Less than a minute later, he gets back We smashed all of them up to make truffles. Better/worse? And I’ll try.
It shouldn’t even surprise him that his phone buzzes again a minute later, this time from Deshani’s number. I’ll keep an ear out; her room is snack-free, so I’ll hear her on the stairs if she gets itchy.
And she will, because she’ll probably be sitting on the floor of her bedroom, back against the door, and listening through the night to hear the creak of stairs or shuffle of carpet. Deshani is probably what God had in mind when he made mothers so fiercely protective.
“In Colorado, it’s illegal for anyone under the age of eighteen to have or use a stun gun,” he says finally, and both partners give him the slightly jaundiced look that comes of really not trusting where this is going. “She’s already got pepper spray, so what’s the next best thing we can give her?”
“Baseball bat?” suggests Ramirez.
Vic pinches the bridge of his nose and slowly shakes his head.
Her name is Libba Laughran, and the first time you see her, her multi-layered prom dress is hiked up enough to show the shoulders of the boy with his face between her thighs. She’s sitting on the hood of a car, one hand holding up her skirts, the other in his hair, throaty cries filling the night as if they’re not right out in the open, as if no one could possibly hear and come investigate.
Her dress is so bright a pink it nearly glows in the night, but on the wrist of the hand in his hair, you can see a corsage with a white carnation, the edges of the petals deep red like they’ve been dipped in blood.
You see her holding his hand at church, their bodies an appropriate distance from each other but their hands always reaching out to the other whenever one steps away. You see them at the movies, walking to and from school.
Fucking each other in the hammock in her backyard and laughing each time they nearly fall out of it.
They love each other, you think, at least as much as they can understand it when they’re so young. They whisper to each other, end every phone call and conversation with it. Neither of them even seems to notice anyone else.
There’s something to that, maybe, but it’s not going to save her. This isn’t a thing that good girls do, no matter how in love they might be. It isn’t respectful, it isn’t right. She’s young, so it’s understandable, but you can’t let it go unremarked. You can’t let her friends think this is forgivable, acceptable.

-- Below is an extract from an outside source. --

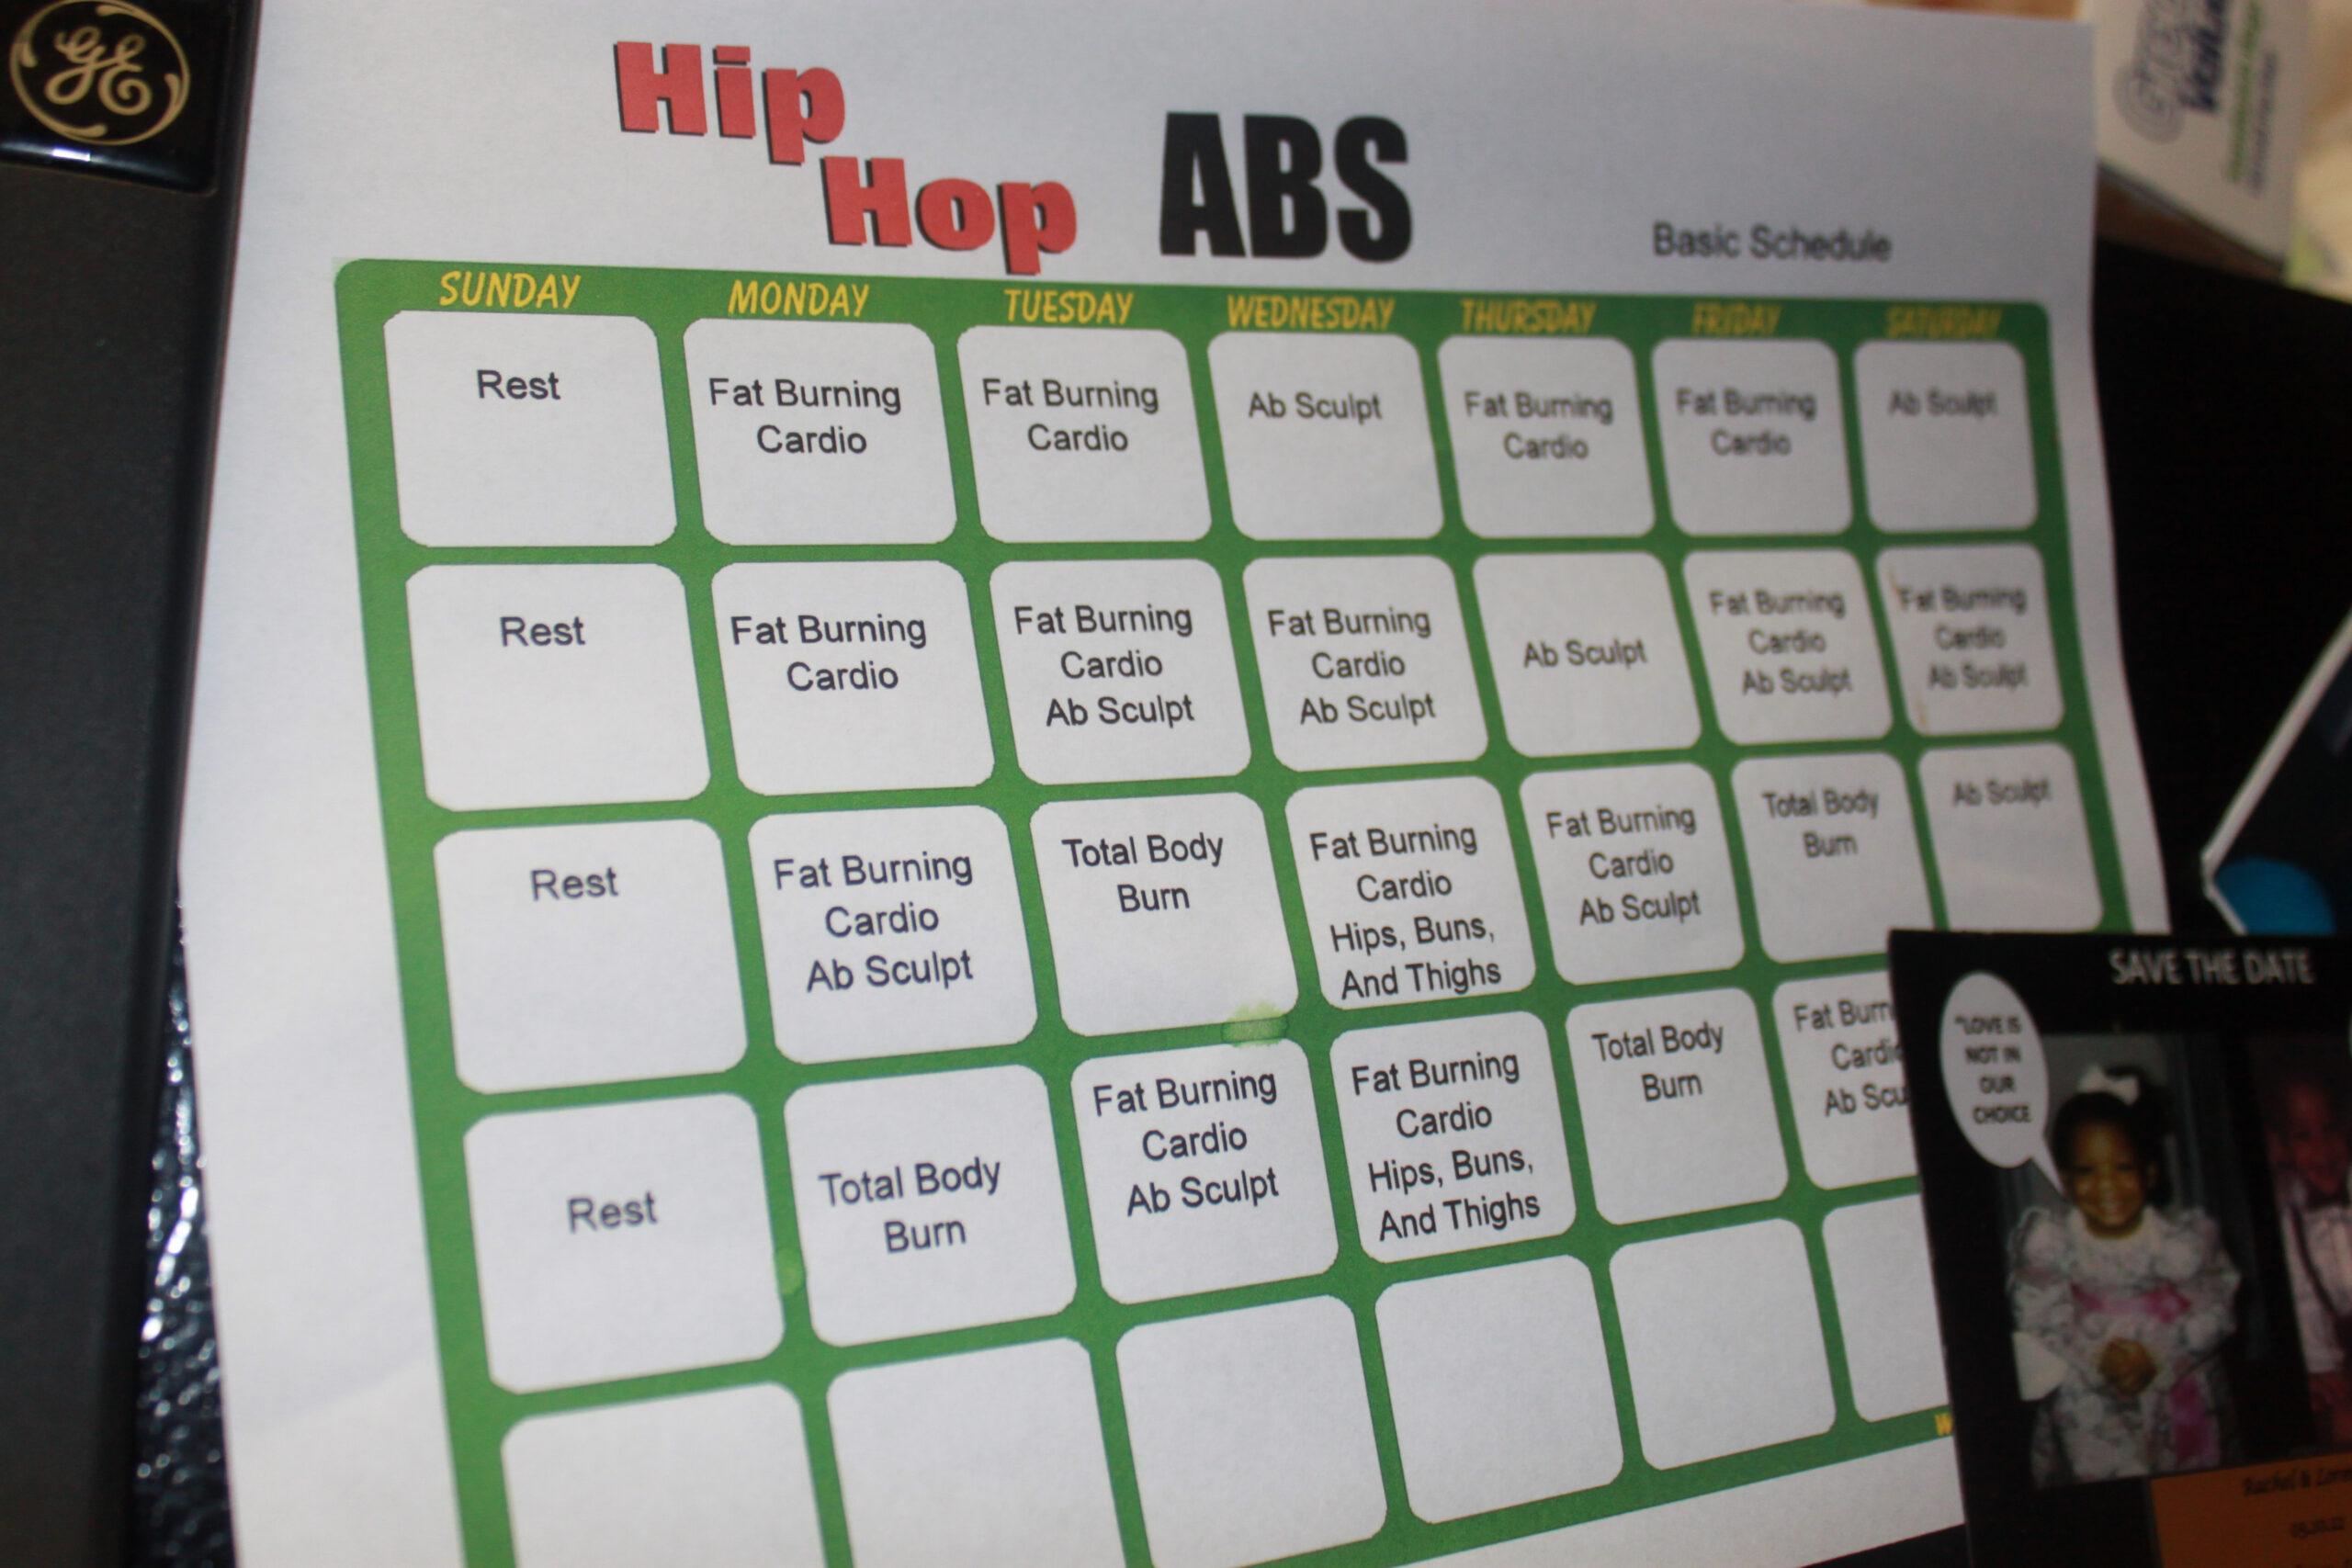 Hip Hop Abs Calendar | Calendar For Planning with regard to Hip Hop Abs Schedule

It isn’t until they’re caught—her mother comes home several hours earlier than expected, when they’re still naked and involved with each other in the backyard—that you realize just how young she is.
Fourteen years old, and already a harlot.
Her mother is weeping as she chases the half-dressed boy through the yard and away from their property, ignoring her daughter crying behind her. You lean against the other side of the fence and listen to the mother’s lecture, all the ways she and her husband taught their daughter better than this.
You’re not surprised when Libba sneaks out of the house that night to go find the boy she loves.
You’re not surprised when she fights you, because she’s clearly a girl who goes after what she wants, and she wants that boy, she wants to live.
You just can’t let that happen.
This boy may treat her gently, but she’s too young to know what men will do, so you have to show her.
You have to show her all she’ll ever be to men when she stops being a good girl. It’s not something she can get back, after all.
You start to leave her there, on the church floor, but she’s only fourteen. So you drape her rags back around her, enough to cover the important bits, and lay the carnations over the cloth.
White, tipped in red that bleeds down through the petal veins into the heart.
You remember.
Mum shoos me up to bed around one. I sit on my bed, shadows dancing across the walls from the flickering light of the electric tea candle in front of Chavi’s picture. It’s the same one we have downstairs, though this frame is made out of chips of colored glass and sweeps of metal. It’s the same ring of yellow silk chrysanthemums.